Customizing and Extending DataFlow Functionality : Writing an Aggregation : Aggregation Class Model
 
Share this page                  
Aggregation Class Model
In order to define a custom aggregation, you must define an AggregatorFactory and one or more Aggregators. An aggregator is the execution component that does the "work" of calculating and combining data. An Aggregator is intended to be stateful: it should keep sum, etc., within its instance variables. An AggregatorFactory is the composition piece that creates Aggregators based on input types. An AggregatorFactory is expected to be stateless: they should have no non-final instance variances. In addition, an AggregatorFactory must be JSON serializable.
Aggregator Internals
Aggregators should keep their internal state in one or more private fields. In addition, the internals must be representable as an array of ScalarTokenTypes.
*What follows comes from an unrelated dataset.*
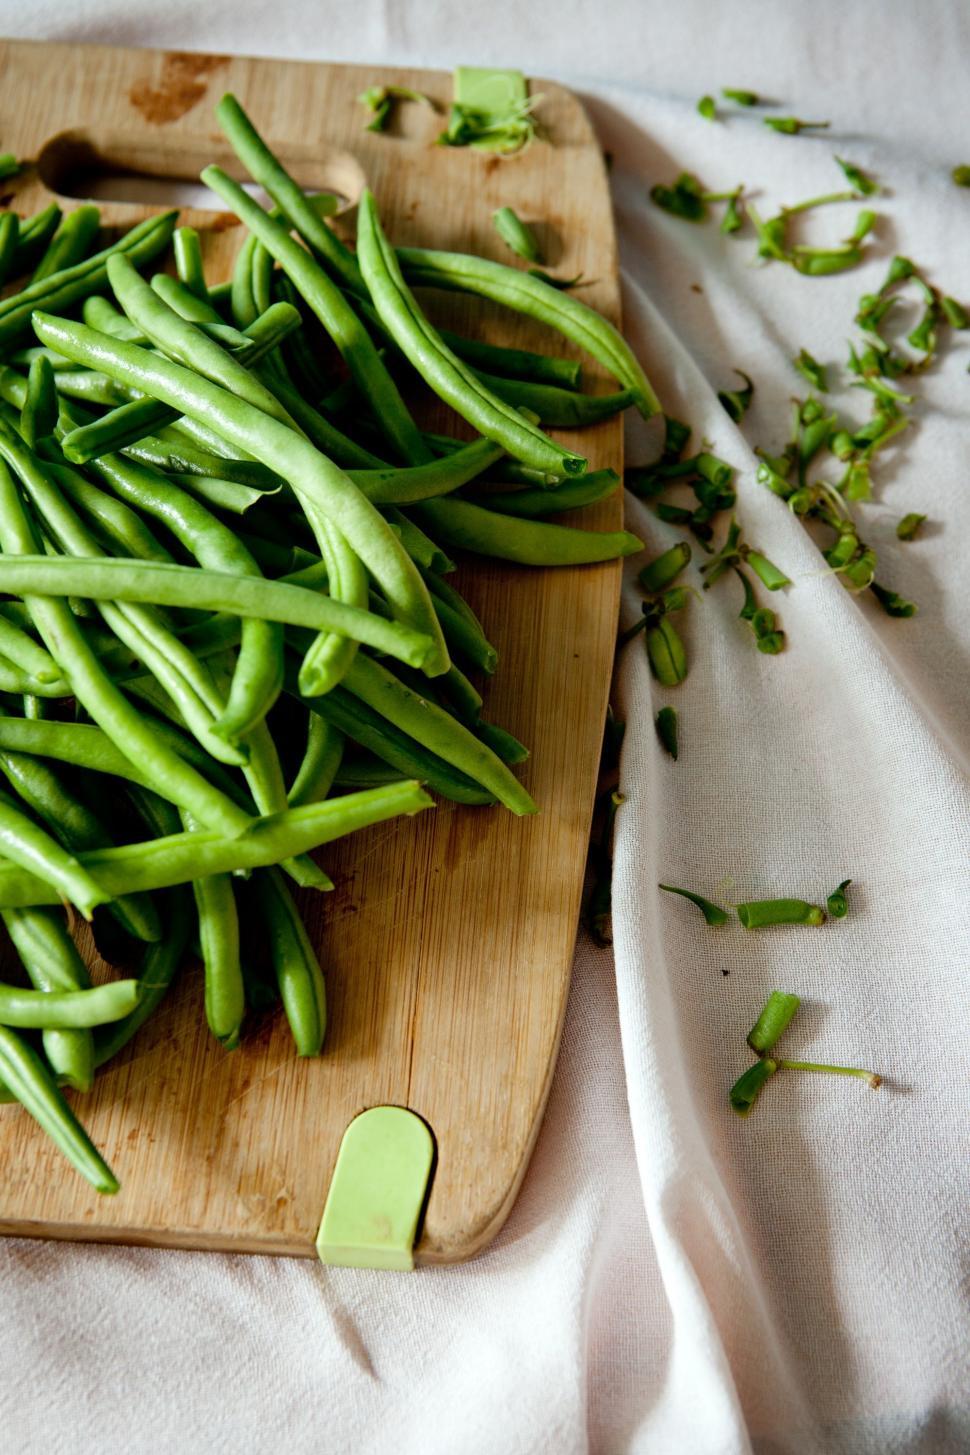 Free Image of Wooden Cutting Board With Green Beans

Aggregators must define combineInternals and storeInternals in order to translate to and from the external array representation. The array representation is used for compact storage in the LRU cache that is used when computing partials for unsorted data. This allows the Group operator to reuse the same Aggregator object across multiple groups which avoids the overhead of storing a per-group object in the cache. In addition, the array representation is used to compactly encode partials within a DataFlow record during the redistribute/sort phase.
Aggregator Methods
The following methods must be implemented by a class implementing the Aggregator interface.
Method Name
Description
getOutputType
Called at initialization to determine the output type.
getInternalTypes
Called at initialization to determine the types of each of the internal fields. This determines the types that must be stored in the array representation.
setInputs
Called from the Group operator to provide the Aggregator with a handle to its input fields.
accumulate
Called by the Group operator during the compute-partials step for each input row. The Aggregator should add the values from the current row to its internal counters.
combineInternals
Called by the Group operator during the combine-partials step for each group of partial results. The Aggregator should add the supplied values to its internal counters.
storeInternals
Called by the Group operator during the compute-partials step. This is used to output partial rows and is used to store data into the group LRU cache when switching groups.
reset
Called by the Group operator to "zero-out" the internal counts. The Group operator will call reset followed by a combineInternals for cases where it needs to load internal values. Thus, there is not a separate loadInternals method to implement.
storeFinalResults
Called by the Group operator during the output-final step to output final results.